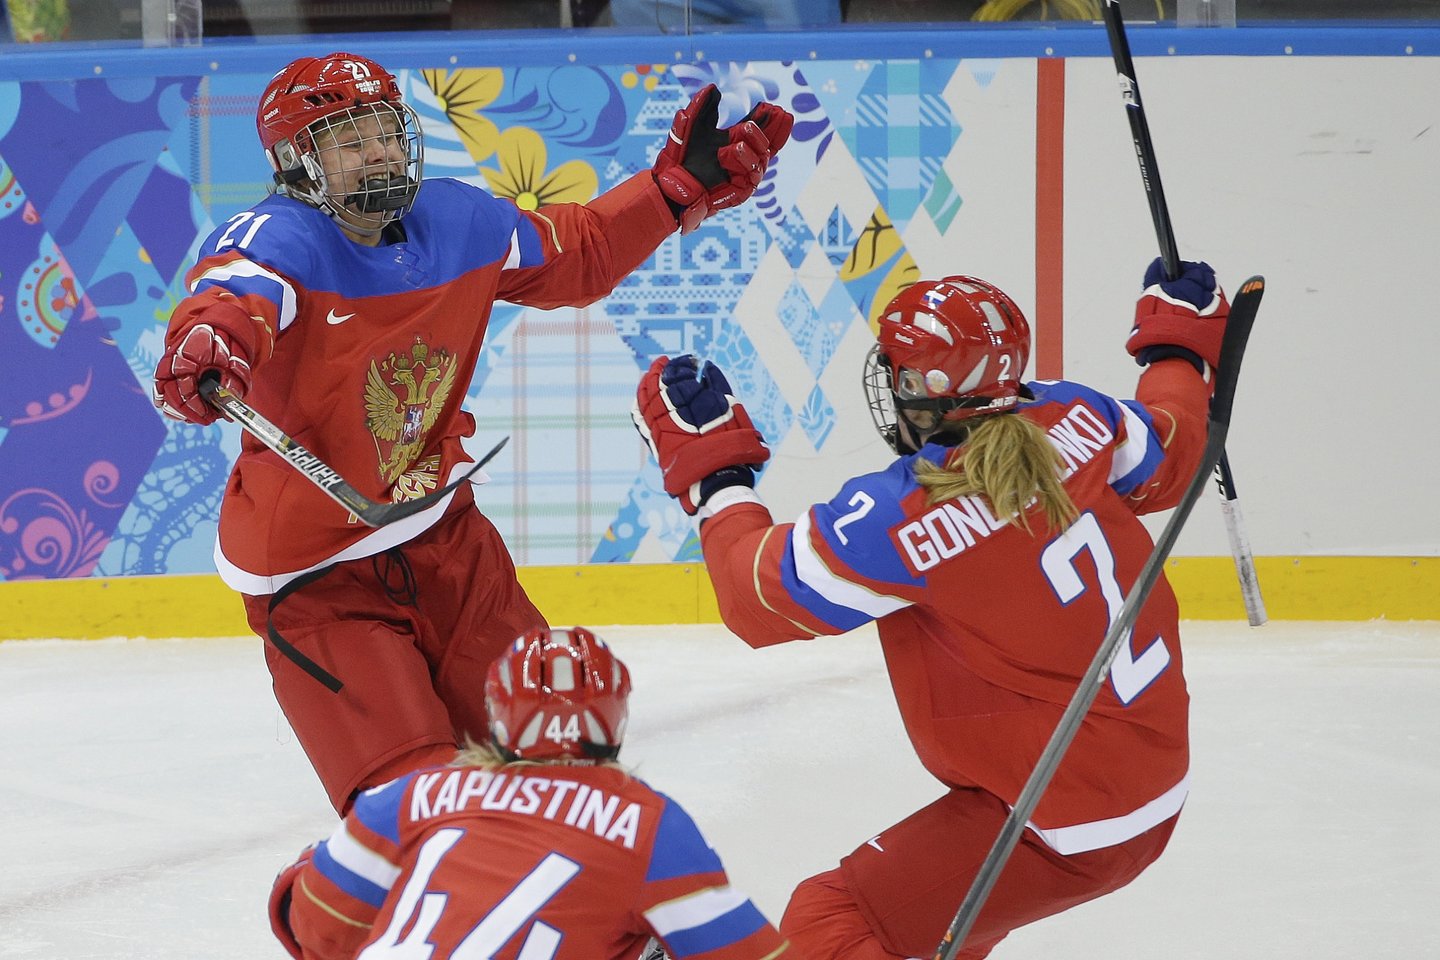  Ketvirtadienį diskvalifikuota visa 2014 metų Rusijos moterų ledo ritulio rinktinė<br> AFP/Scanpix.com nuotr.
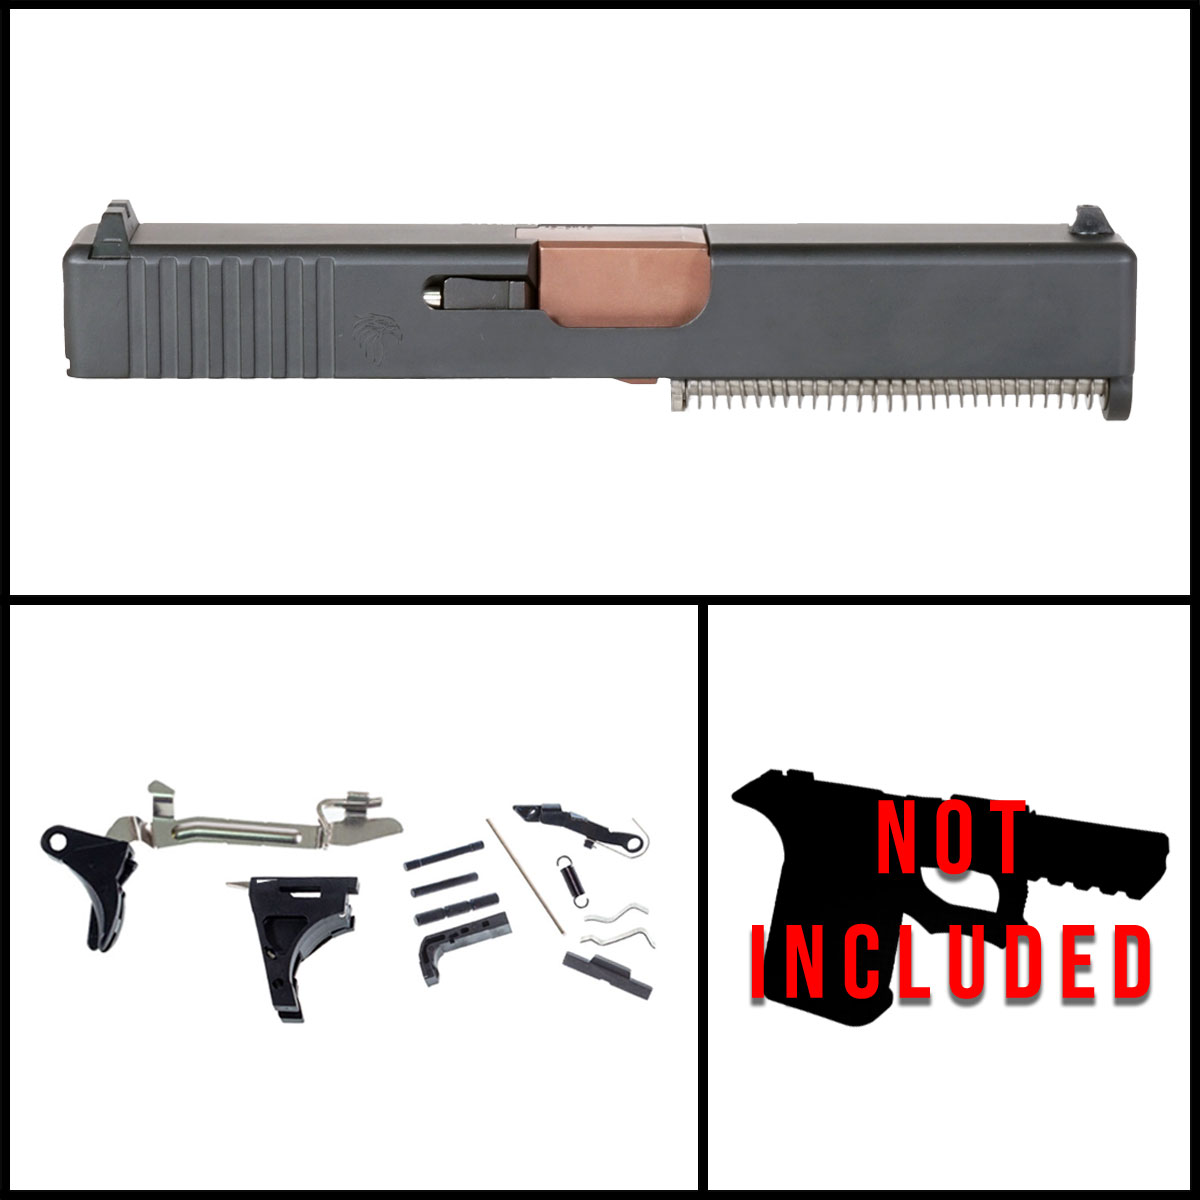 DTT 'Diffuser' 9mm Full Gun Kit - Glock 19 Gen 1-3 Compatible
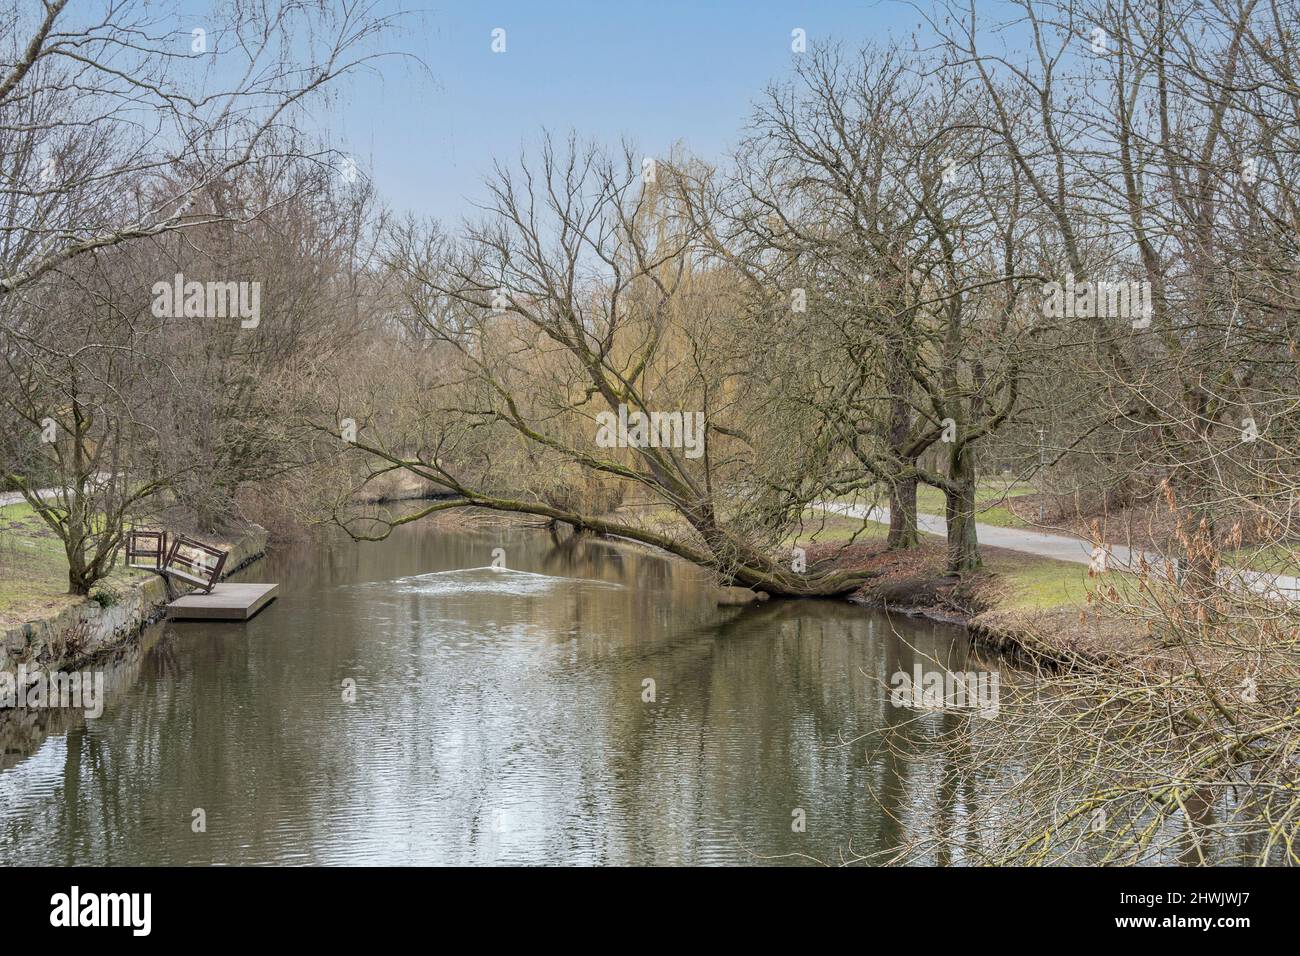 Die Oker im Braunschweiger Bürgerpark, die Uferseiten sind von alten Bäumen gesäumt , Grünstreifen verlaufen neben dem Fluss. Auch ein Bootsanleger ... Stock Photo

+++

Prompt: The whole listing above should be restated word for word, minus any images.

Solution to this exercise:
  Ketvirtadienį diskvalifikuota visa 2014 metų Rusijos moterų ledo ritulio rinktinė<br> AFP/Scanpix.com nuotr.
 DTT 'Diffuser' 9mm Full Gun Kit - Glock 19 Gen 1-3 Compatible
 Die Oker im Braunschweiger Bürgerpark, die Uferseiten sind von alten Bäumen gesäumt , Grünstreifen verlaufen neben dem Fluss. Auch ein Bootsanleger ... Stock Photo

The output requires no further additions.